● Task data:
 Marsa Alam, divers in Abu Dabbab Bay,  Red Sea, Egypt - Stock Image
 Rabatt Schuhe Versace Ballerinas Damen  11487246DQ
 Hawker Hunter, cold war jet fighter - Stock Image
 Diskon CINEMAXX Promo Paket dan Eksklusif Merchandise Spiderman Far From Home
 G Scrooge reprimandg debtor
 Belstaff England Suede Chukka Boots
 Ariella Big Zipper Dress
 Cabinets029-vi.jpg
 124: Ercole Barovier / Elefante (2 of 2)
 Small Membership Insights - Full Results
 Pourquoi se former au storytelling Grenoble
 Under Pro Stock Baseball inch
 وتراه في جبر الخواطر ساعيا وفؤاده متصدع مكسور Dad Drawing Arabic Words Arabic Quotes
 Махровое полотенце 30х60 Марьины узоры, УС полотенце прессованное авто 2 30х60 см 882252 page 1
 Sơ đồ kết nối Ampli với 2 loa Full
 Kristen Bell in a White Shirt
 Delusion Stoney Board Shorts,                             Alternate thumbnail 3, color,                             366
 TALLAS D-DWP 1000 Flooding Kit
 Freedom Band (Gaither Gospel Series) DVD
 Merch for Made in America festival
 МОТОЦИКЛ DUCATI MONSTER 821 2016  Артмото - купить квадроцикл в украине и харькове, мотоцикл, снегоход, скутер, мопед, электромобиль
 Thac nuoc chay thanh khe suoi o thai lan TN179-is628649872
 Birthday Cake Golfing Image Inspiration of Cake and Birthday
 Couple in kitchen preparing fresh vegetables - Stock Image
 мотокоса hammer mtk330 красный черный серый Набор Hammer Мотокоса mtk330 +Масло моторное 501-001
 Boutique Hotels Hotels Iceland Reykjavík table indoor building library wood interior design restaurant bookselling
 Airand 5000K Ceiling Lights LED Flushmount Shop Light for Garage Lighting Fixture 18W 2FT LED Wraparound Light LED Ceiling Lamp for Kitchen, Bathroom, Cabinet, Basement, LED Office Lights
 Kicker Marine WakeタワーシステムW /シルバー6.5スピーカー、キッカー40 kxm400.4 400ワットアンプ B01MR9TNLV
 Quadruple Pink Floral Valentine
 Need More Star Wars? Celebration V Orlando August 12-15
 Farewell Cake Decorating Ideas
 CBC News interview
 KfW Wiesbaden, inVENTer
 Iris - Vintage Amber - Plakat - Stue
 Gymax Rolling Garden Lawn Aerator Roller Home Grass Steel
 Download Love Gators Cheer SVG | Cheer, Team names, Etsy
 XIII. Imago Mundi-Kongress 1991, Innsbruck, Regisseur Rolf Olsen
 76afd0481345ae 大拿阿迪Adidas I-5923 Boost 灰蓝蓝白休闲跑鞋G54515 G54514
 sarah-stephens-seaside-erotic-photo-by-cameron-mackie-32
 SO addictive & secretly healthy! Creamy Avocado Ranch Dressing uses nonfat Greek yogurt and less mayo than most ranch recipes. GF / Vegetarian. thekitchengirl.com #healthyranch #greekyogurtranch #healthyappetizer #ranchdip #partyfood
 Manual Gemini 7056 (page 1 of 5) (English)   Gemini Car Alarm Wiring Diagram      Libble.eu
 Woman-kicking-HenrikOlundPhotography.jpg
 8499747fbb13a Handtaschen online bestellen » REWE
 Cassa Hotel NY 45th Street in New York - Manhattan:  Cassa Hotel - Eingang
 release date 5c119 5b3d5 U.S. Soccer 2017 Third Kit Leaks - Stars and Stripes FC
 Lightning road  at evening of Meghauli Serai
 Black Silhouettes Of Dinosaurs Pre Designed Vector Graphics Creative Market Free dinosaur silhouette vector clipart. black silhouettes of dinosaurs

● Exercise details: Retype, in the same exact form, the lines of the material above from the line holding "Small Membership Insights - Full Results" through the line holding "TALLAS D-DWP 1000 Flooding Kit".

● Solution to this exercise:
 Small Membership Insights - Full Results
 Pourquoi se former au storytelling Grenoble
 Under Pro Stock Baseball inch
 وتراه في جبر الخواطر ساعيا وفؤاده متصدع مكسور Dad Drawing Arabic Words Arabic Quotes
 Махровое полотенце 30х60 Марьины узоры, УС полотенце прессованное авто 2 30х60 см 882252 page 1
 Sơ đồ kết nối Ampli với 2 loa Full
 Kristen Bell in a White Shirt
 Delusion Stoney Board Shorts,                             Alternate thumbnail 3, color,                             366
 TALLAS D-DWP 1000 Flooding Kit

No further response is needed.